The second study, which has just appeared in the Proceedings of the National Academy of Science, questions the view that ADHD—the most commonly diagnosed childhood behavioral disorder—reflects neurologically deviant development. Instead, the researchers cite brains scans of 446 kids as evidence on the side of delayed development. Among children with ADHD, the prefrontal cortex—the area associated with memory, decision-making, impulse control, ability to focus—was found to follow a normal course but a slower pace of growth; it reached peak thickness at a median age of 10½ compared to 7½ among normal kids.
But it's just as important to note what the scans of kids with ADHD don't yet tell us about their maturing brains. The researchers point out that they don't reveal anything about the adolescent phase of cortical maturation, which evidently involves a thinning process: Does that thinning happen normally, but slowly, too? Nor do the scans have anything to say about the possible influence of medication, which about 80 percent of the subjects were taking, and the study doesn't presume to recommend that fidgeters forgo medication.
Last week a third study of precisely that fraught question—how useful drugs are in controlling ADHD symptoms—failed to make upbeat headlines. But it did inspire an anxious segment on the BBC's Panoramaprogram. Published this summer as part of an ongoing review by the National Institute of Mental Health of treatments for children with ADHD, it is a more dramatic reminder of how the most careful experts can find themselves revising what at the time sounded like a clear-cut prescription for a childhood developmental dilemma.
Previously, NIMH research found that medication alone, or in combination with behavioral treatment, was the most effective approach to managing ADHD. Three years after the initial assessments, new data challenge the drugs' long-term efficacy, and potent side effects persist: The stimulants suppress appetite and growth in lots of kids. But you won't find these sobered scientists swerving radically and saying it's simply time to let nature take its course. As one of the authors of the study emphasized, the new findings should above all fuel more and better efforts to teach nurturers—parents and teachers—behavioral techniques to give antsy troublemakers more of a sense of control.
Figuring out how best to help growing kids handle themselves is important whether or not, say, their cortex development will catch up anyway—or their report cards will be fine despite the hell they raise at the start.
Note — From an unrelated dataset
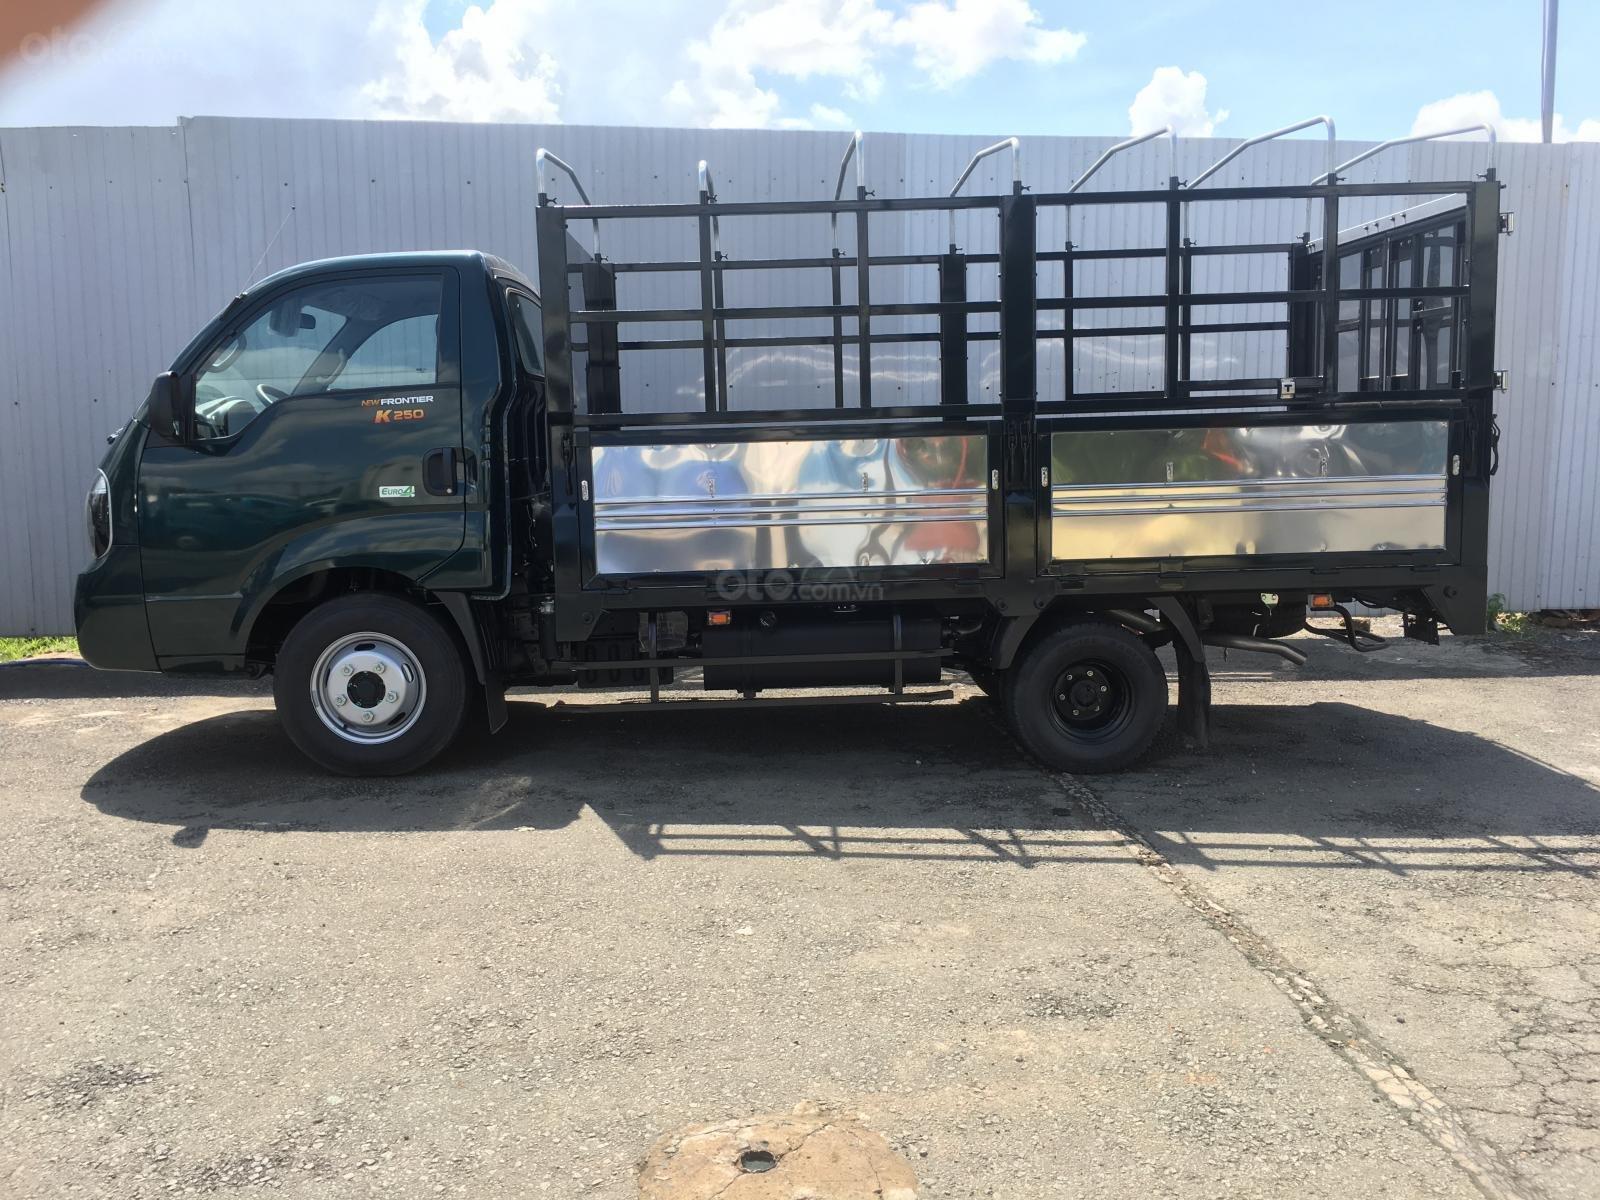 Bán xe tải K250 động cơ Hyundai đời 2019, có hỗ trợ trả góp. LH: 0944.813.912 (3)

It's important because they're small people right now who, no matter where they end up, need plenty of time and tips for navigating an often unpredictable realm of parents, siblings, friends, teachers, and fellow students. "Relax, they'll grow out of it": The homespun corrective to our micromanaging angst isn't the easy directive it may seem. Putting more stock in kids' resilience and less in our own fears about their futures—and in the expert findings of the moment—is a real challenge. Weaning ourselves from our spooked belief in early childhood determinism is wise. But we're still doomed to worried debates about what kids do—and don't—need from us as they make their way in the world.